Bersemangat untuk bergabung, saya mengunjungi salah satu dari sekian banyak toko penyewaan kostum yang marak ditemui demi memenuhi keinginan ini.

Terletak di pusat kota Dunhuang, toko Wei Ying menawarkan lebih dari 50 set busana serta mempekerjakan dua penata gaya dan dua fotografer. Sejak dimulainya puncak musim turis, toko itu melayani sekitar lima pelanggan setiap harinya.

"Banyak orang, sebagian besar wanita muda, datang kepada kami setelah melihat unggahan yang sedang tren tentang fotografi perjalanan Dunhuang di media sosial. Saya bahkan mendapatkan dua pelanggan mancanegara pada pekan ini," kata Wei.

Di tengah meningkatnya popularitas wisata edukasi di seantero China, Dunhuang, dengan peninggalan sejarah dan warisan budaya takbendanya yang kaya, telah muncul sebagai tujuan populer bagi rombongan-rombongan tur studi.

Untuk pengunjung yang lebih muda, berbagai objek wisata telah mengembangkan program khusus yang memberi mereka penjelajahan mendalam tentang budaya dan seni Dunhuang.

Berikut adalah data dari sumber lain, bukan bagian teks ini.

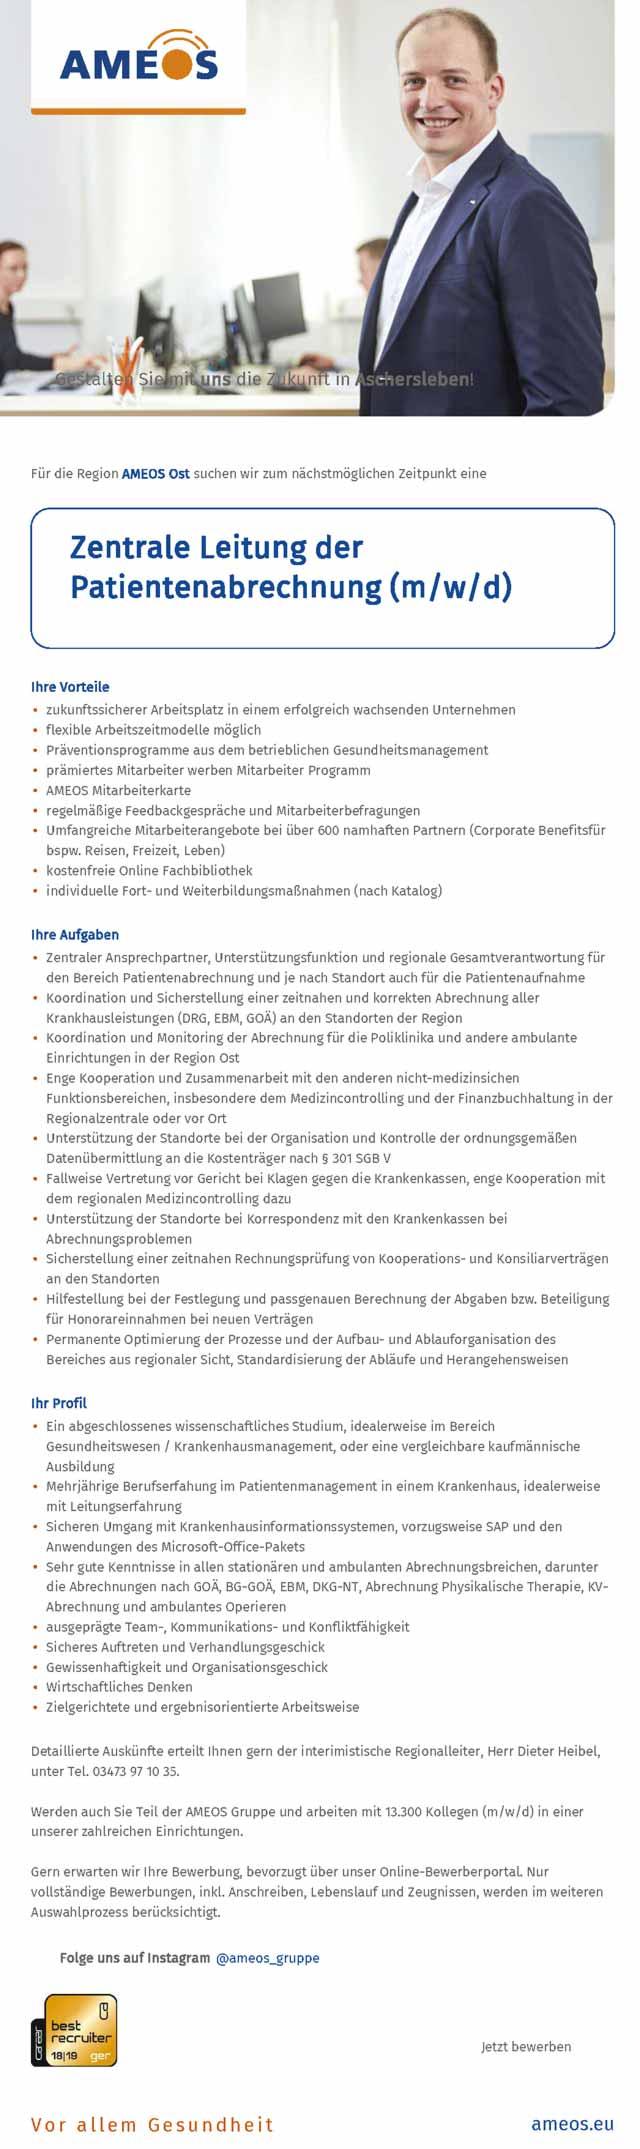 Ameos Ost Aschersleben: Zentrale Leitung Patientenabrechnung (m/w/d)

Ketika mengunjungi Desa Perajin Mogaoli di Dunhuang, yang merupakan basis edukasi kerajinan tradisional Dunhuang, sekelompok siswa sekolah menengah dari Provinsi Sichuan, China barat daya, baru saja menyelesaikan tur mereka.

Para siswa berpartisipasi langsung dalam lokakarya untuk mempelajari kerajinan tangan yang terlibat dalam penciptaan seni gua.

Seniman patung Du Yongwei, yang juga pendiri desa tersebut, mengungkapkan kegembiraannya bahwa kaum muda dapat mempelajari serta membenamkan diri dalam budaya dan seni Dunhuang.

Ketika perjalanan dua hari di Dunhuang akan segera berakhir, tiba-tiba teringat akan sebuah slogan yang saya lihat di papan iklan di pinggir jalan saat memasuki kota: Dunhuang, tempat yang menarik hati semua orang.

Dunhuang benar-benar tempat dengan pesona yang tak lekang oleh waktu. Selama berabad-abad, kota ini telah memikat para pelancong sebagai penghubung penting antarkebudayaan.

Hari ini, kota ini terus memikat hati dengan pengalaman yang semarak dan beraneka ragam yang menghidupkan sejarah dengan cara yang tak terduga dan menyenangkan.